Why ScryLab Uses HDF5 Internally – and Only Reads MDF

·
Cover for Why ScryLab Uses HDF5 Internally – and Only Reads MDF

One of the first things I had to settle when developing ScryLab was the question of the internal file format. The decision sounds technical and dry at first, but it has a massive impact on how the application feels in everyday use – when loading large files, when adding signals, when navigating through long measurements.

Here I explain how I arrived at this decision.

The MDF Problem

MDF – more precisely MF4 – is the standard in automotive measurement technology. INCA, CANape, almost all data loggers write it. It therefore seems natural to use it internally as well.

But you run into a fundamental problem pretty quickly.

MF4 is a sequential format. It is designed to be written continuously during a measurement – channel by channel, block by block, from front to back. This works great for data loggers. But for an analysis tool that edits files interactively, it is a serious problem.

For example, if you want to add signals to an existing MF4 file after the fact, you have to rewrite the entire file. And to rewrite it, you first have to load it completely. This might sound like an implementation detail, but it destroys an approach that was very important to me for ScryLab: lazy loading of the signal list.

Lazy loading here means that when a file is opened, only the metadata is read initially – channel names, units, structure. The actual measurement values remain untouched until a signal actually needs to be displayed. If you open a file with 200 channels but only look at three of them, only those three are loaded.

With MDF as the write format, this is not feasible. So I reduced MDF to read-only support – which is perfectly sufficient for compatibility with existing measurement chains – and looked for a better alternative.

Why HDF5

HDF5 is not a specialized measurement format but a general scientific and technical file format. It is used in climate research, particle physics, and machine learning, among other fields. This sounds far removed from vehicle testing and classic engineering work, but it has one decisive advantage: the format is optimized for exactly the operations that are relevant to ScryLab.

HDF5 files consist internally of datasets stored in chunks. This allows random access: I can read a single channel without touching the rest of the file – the foundation for ScryLab loading signals only on demand. Datasets can also be extended after the fact without rewriting the entire file, which makes HDF5 a true write format. The hierarchical structure – data organized like a directory tree – fits well with measurements that have many channels and different sampling rates.

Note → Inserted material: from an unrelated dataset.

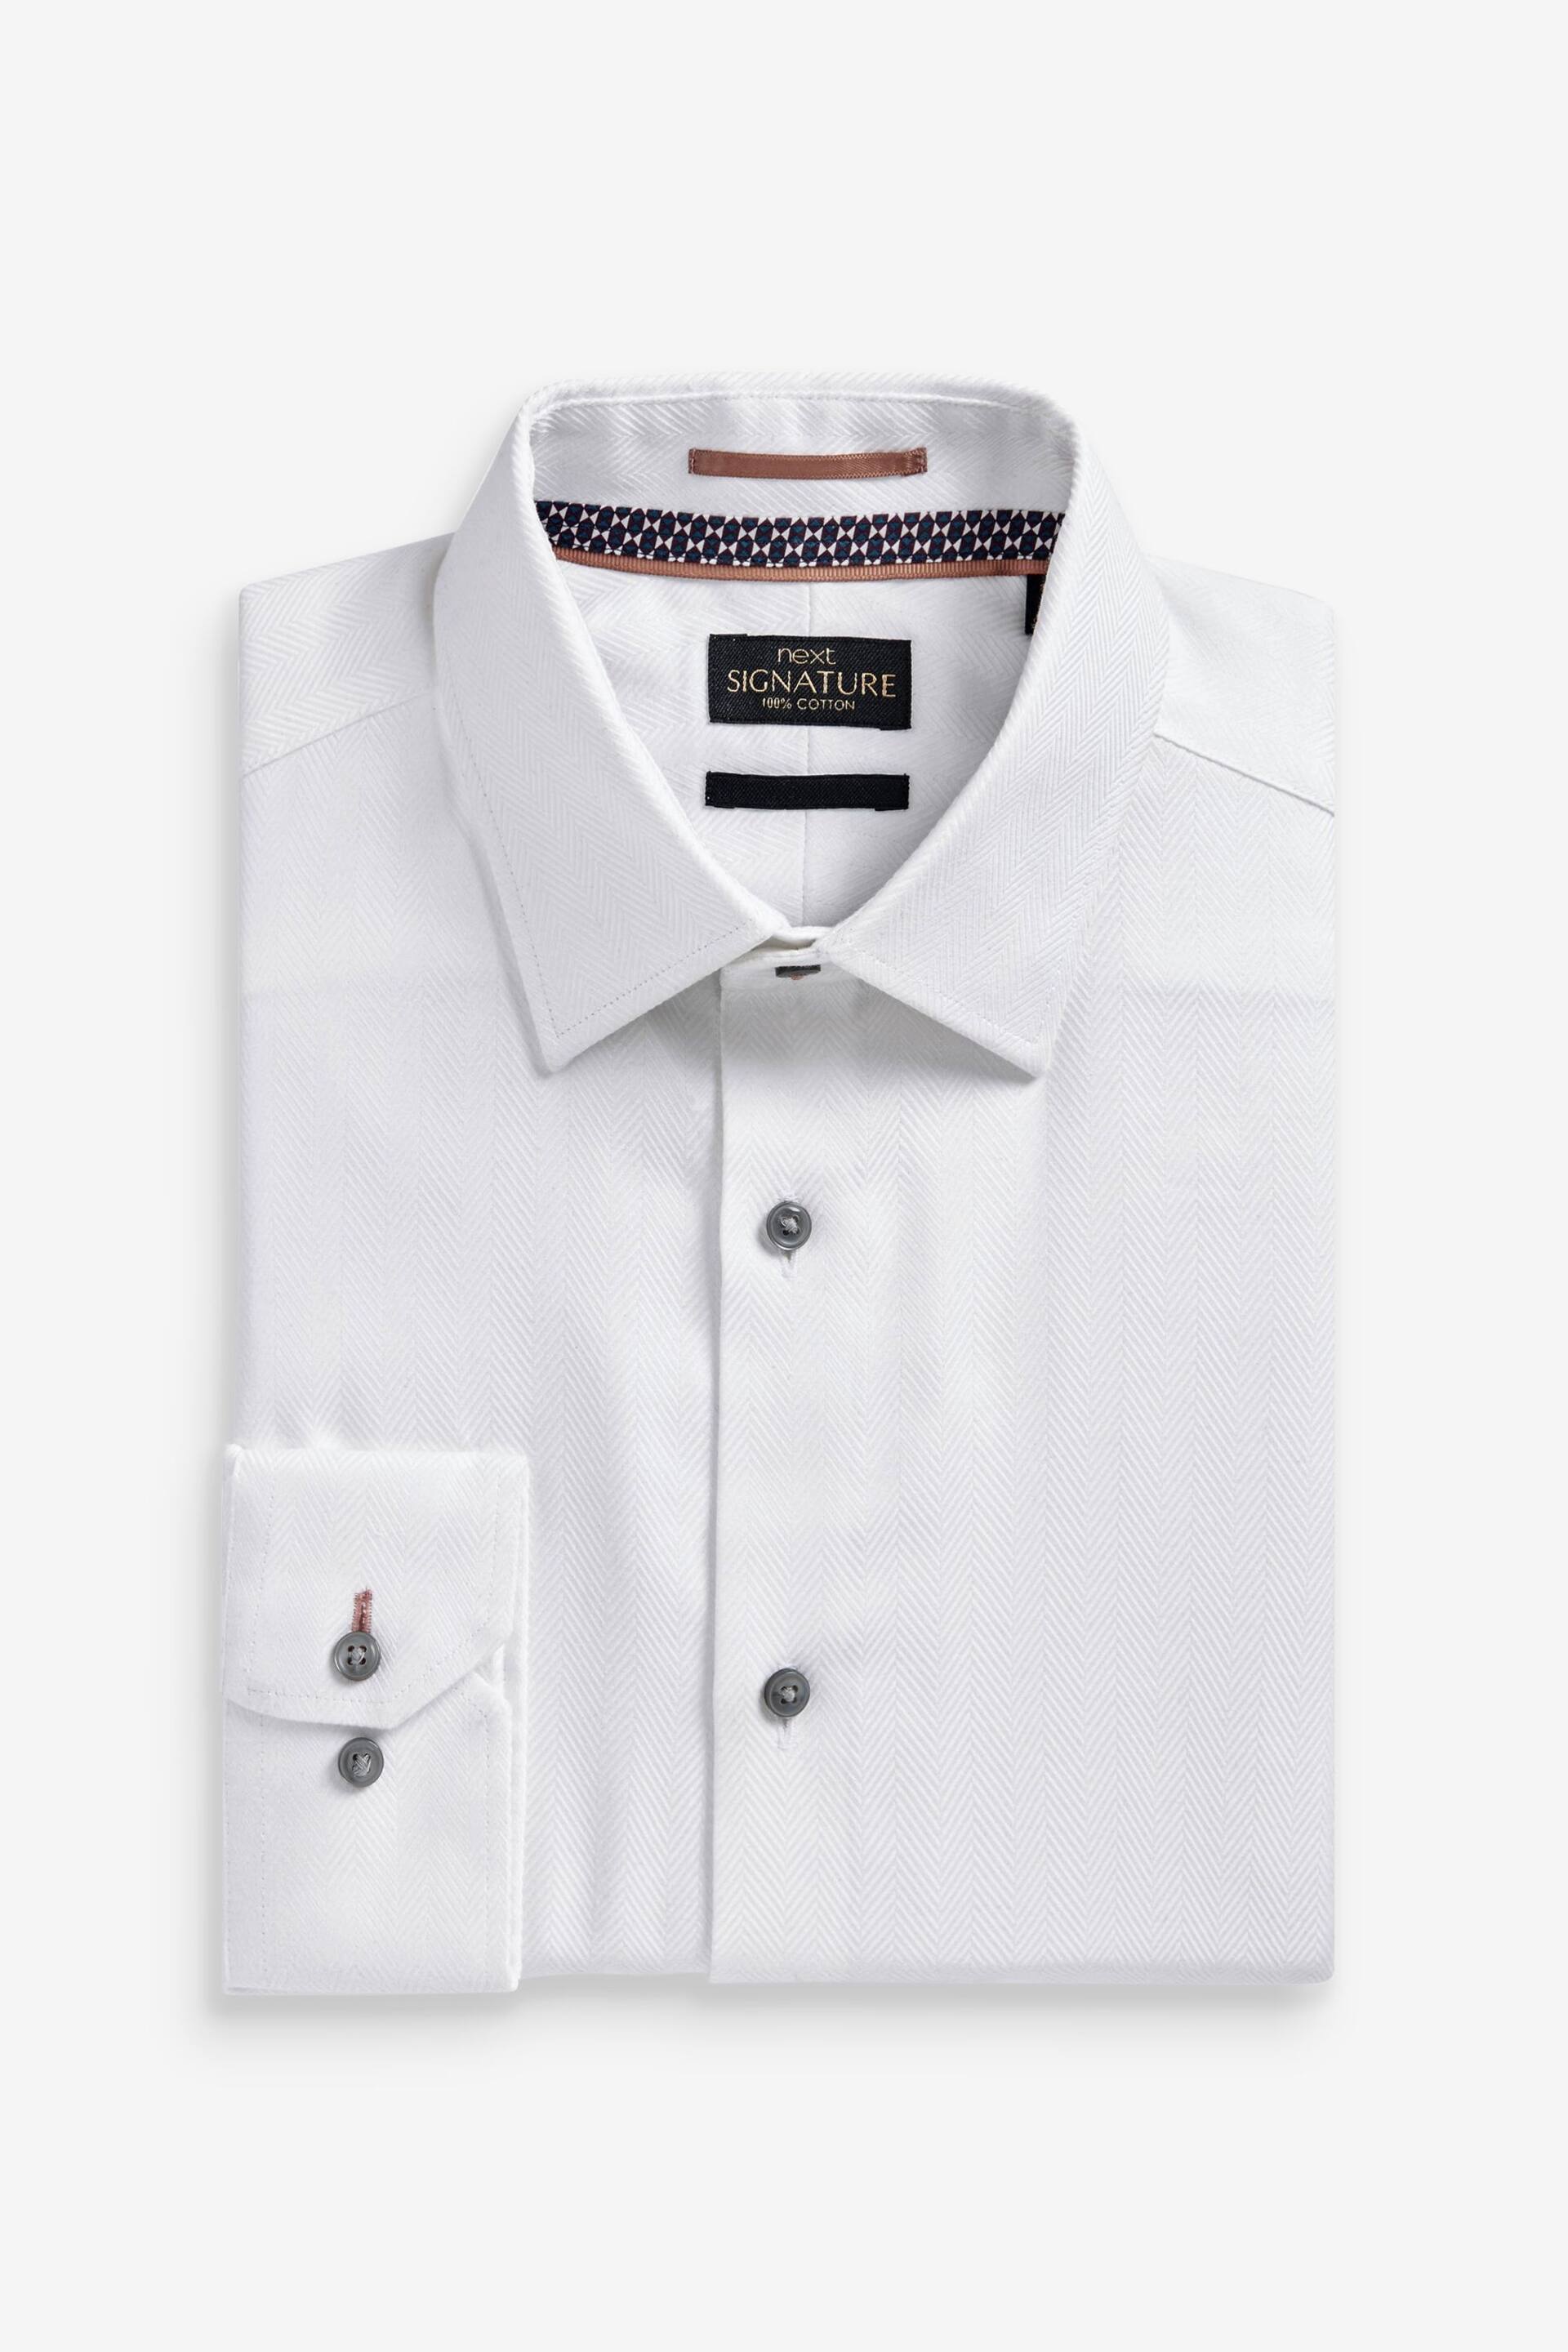 White Herringbone Signature Trimmed Single Cuff Shirt - Image 6 of 7

The format also supports chunk-level compression; I currently forgo this in favor of maximum I/O speed, but the option remains open.

What This Means for the Application

When you open a file in ScryLab, nothing is preloaded. The signal list appears immediately because only the metadata is read. Only when a signal is dragged into the plot does ScryLab load the actual values for that channel.

The key difference to MDF lies not in reading but in writing: new signals can be appended directly in HDF5. With MDF, every change would mean rewriting the complete file – with everything in it.

Most of the data I see in practice is in MDF format – that remains the reality in the automotive sector. That is why ScryLab can read MF4 and MF3. MDF files remain as read-only sources; anyone who wants to add or edit signals creates a new HDF5 file.

CSV import is also planned, following the same principle.

TIP

Another case that is often missing from format discussions: what if the data is not in a file at all? Anyone working with MATLAB, Python, or another simulation tool often already has the results in memory. Taking the detour through an intermediate file costs time and creates unnecessary overhead. For this case, ScryLab supports programmatic data import – data can be passed directly from the runtime environment without having to persist it first.